First, we looked at the relationship between sample balancing and the bias of an estimate. Each graph in Figure 1 shows the relationship between sample balancing and bias of estimates. Bias is defined as the difference between the actual population mean and the estimate (ˆμHT) from a sample. With regards of the specific sorting method, all 5 graphs indicate that better balancing is associated with a smaller bias.

Figure 1  Balancing and bias.

Estimated variance

Figure 2 shows the relationship between balancing and the estimated variance of the U.S. 2010 population mean. In general, a better balanced sample is not necessarily related to a lower estimated variance with the exception of sample selection from the frame with ascending sorting order. The best balanced sample generated slightly larger variance for samples from the frame with ascending sorting order.

Figure 2  Balancing and estimated variance.

Mean squared error

Figure 3 shows the relationship between balancing and the mean squared error (MSE). MSE is defined as the sum of variance and biased squared. We looked at the MSEs since the bias is exactly known in this simulation. Basically, relationships between balancing and MSE mirrored those between balancing and variance.

Figure 3  Balancing and mean squared error.

Conclusion

Our simulation study indicates that a balanced sample is good for reducing bias regardless of the particular sorting method. Rather than selecting a random sample from an ordered frame, we should try to find a balanced sample for an unbiased estimate. However, balanced samples are not necessarily related to smaller variances and MSEs. We should note that a sample is a balanced one if the sample mean of an auxiliary variable is equivalent to the population mean. There could be many ways to obtain the same sample mean. The estimated variance of a sample with the same mean but similar values would be smaller than the estimated variance of a sample with the same mean but vastly differing values. Therefore, it is not surprising to see a larger variance for balanced sample. The interesting relationship between balancing and variance and its functional form in the samples from the frame with an ascending order of Census 2000 population size should be examined further.

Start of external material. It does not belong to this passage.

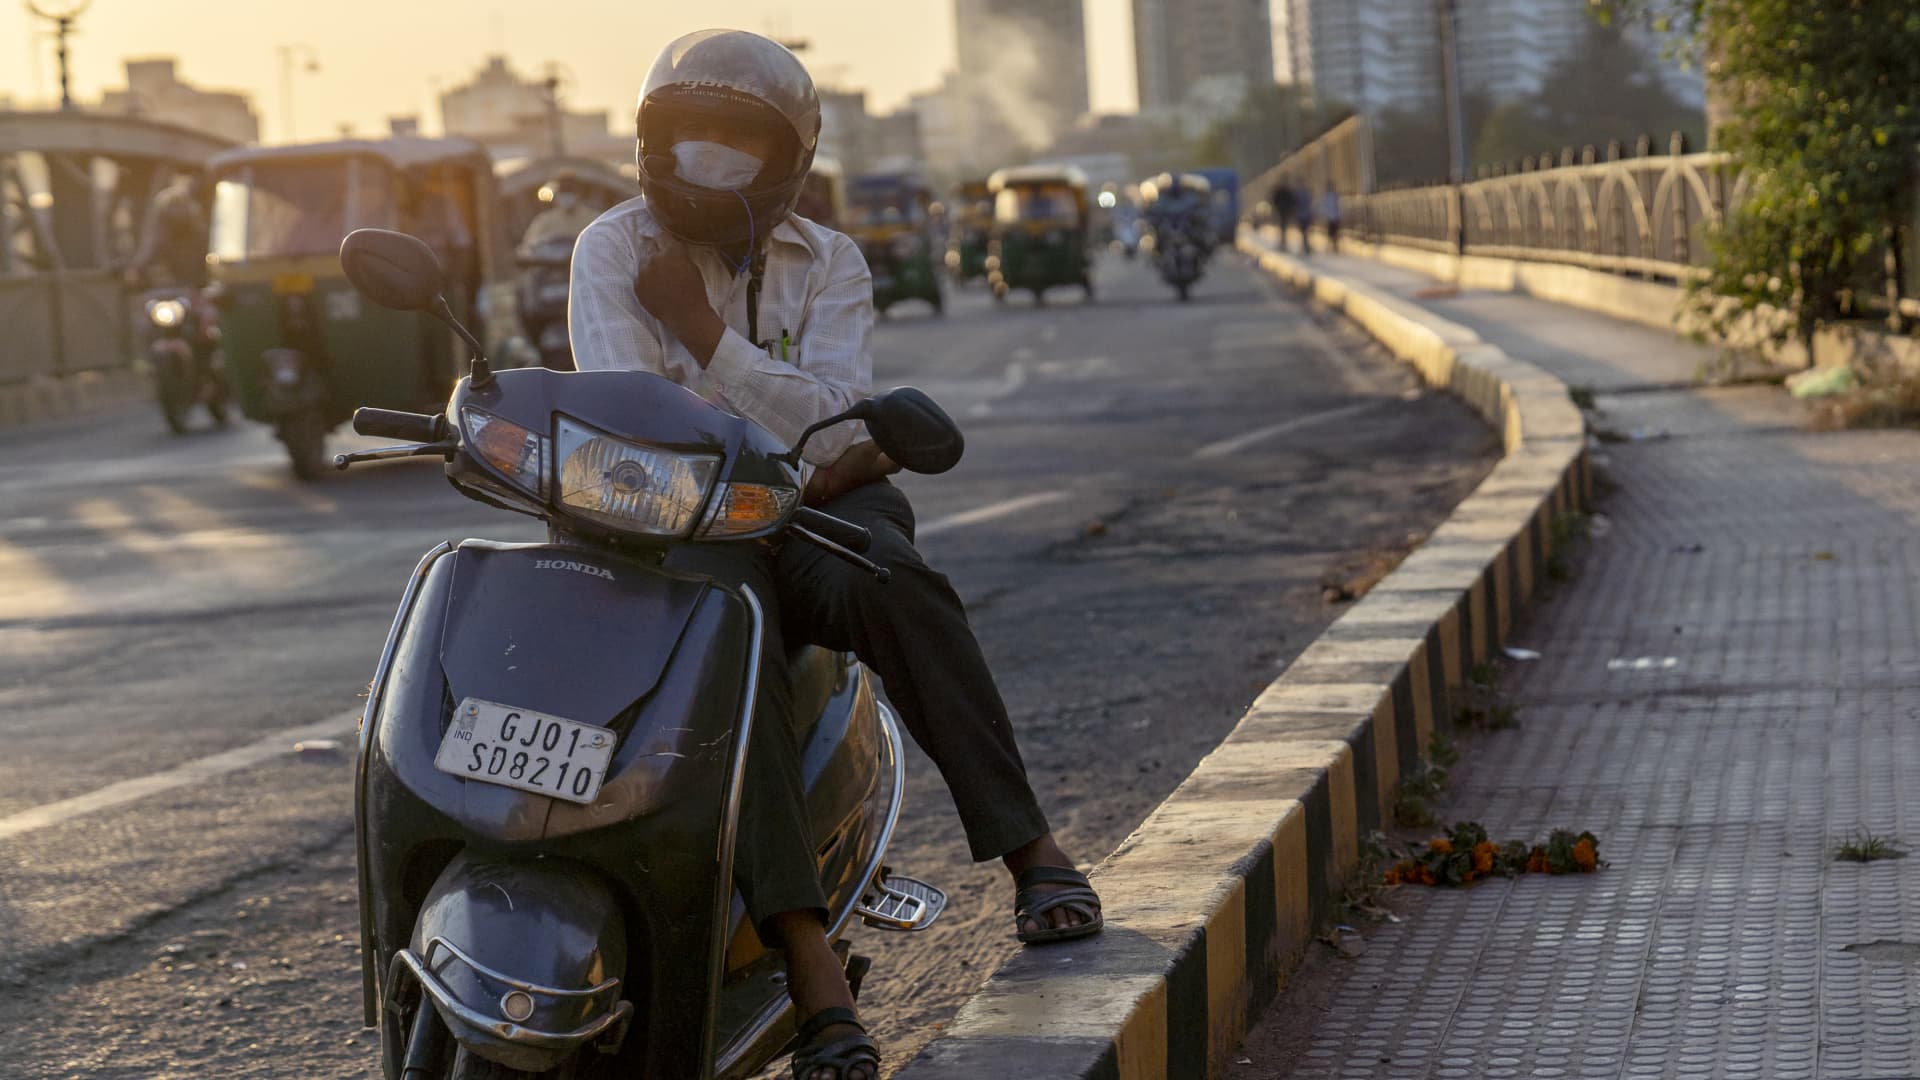 A motorcyclist wears a protective mask while sitting at the side of the road at the Sabarmati Riverfront in Ahmedabad, India, on Thursday, Oct. 22, 2020. Prime Minister Narendra Modi said his government will ensure that all 1.3 billion people nationwide will have access to a Covid-19 vaccine as soon it is ready.

Typically, we use available auxiliary variables (e.g., census region, state, metropolitan status, or percent minority) for a sampling design to obtain unbiased and efficient estimates of survey response variables. As discussed, there would be many random samples (equally valid in terms of random selection). But we could find a better sample or more representative sample by utilizing known auxiliary variables. For an area probability sampling design, the U.S. Census tables could be used as useful auxiliary information for balanced samples. Telephone samples also could be evaluated in terms of balance by comparing sample characteristics to the known population characteristics. The current simulation used a highly correlated variable (Census 2000 population size) as an auxiliary variable in estimating the 2010 population size. In practice, it might be difficult to find good auxiliary variables, depending on the specific surveys. In general, it is expected to be beneficial to utilize auxiliary variables as long as the auxiliary variables are moderately correlated to the response variable. Further research is needed in this regard. Only one auxiliary variable was used for the current simulation based on Yates’ definition. A practical balancing approach should be studied further when multiple auxiliary variables are used. Also further research will be pursued applying other balancing methods (e.g., overbalancing ) and/or utilizing auxiliary variable (Census 2000 count in this simulation) as a measure of size for unequal probability samples (Royall and Herson 1973a, 1973b).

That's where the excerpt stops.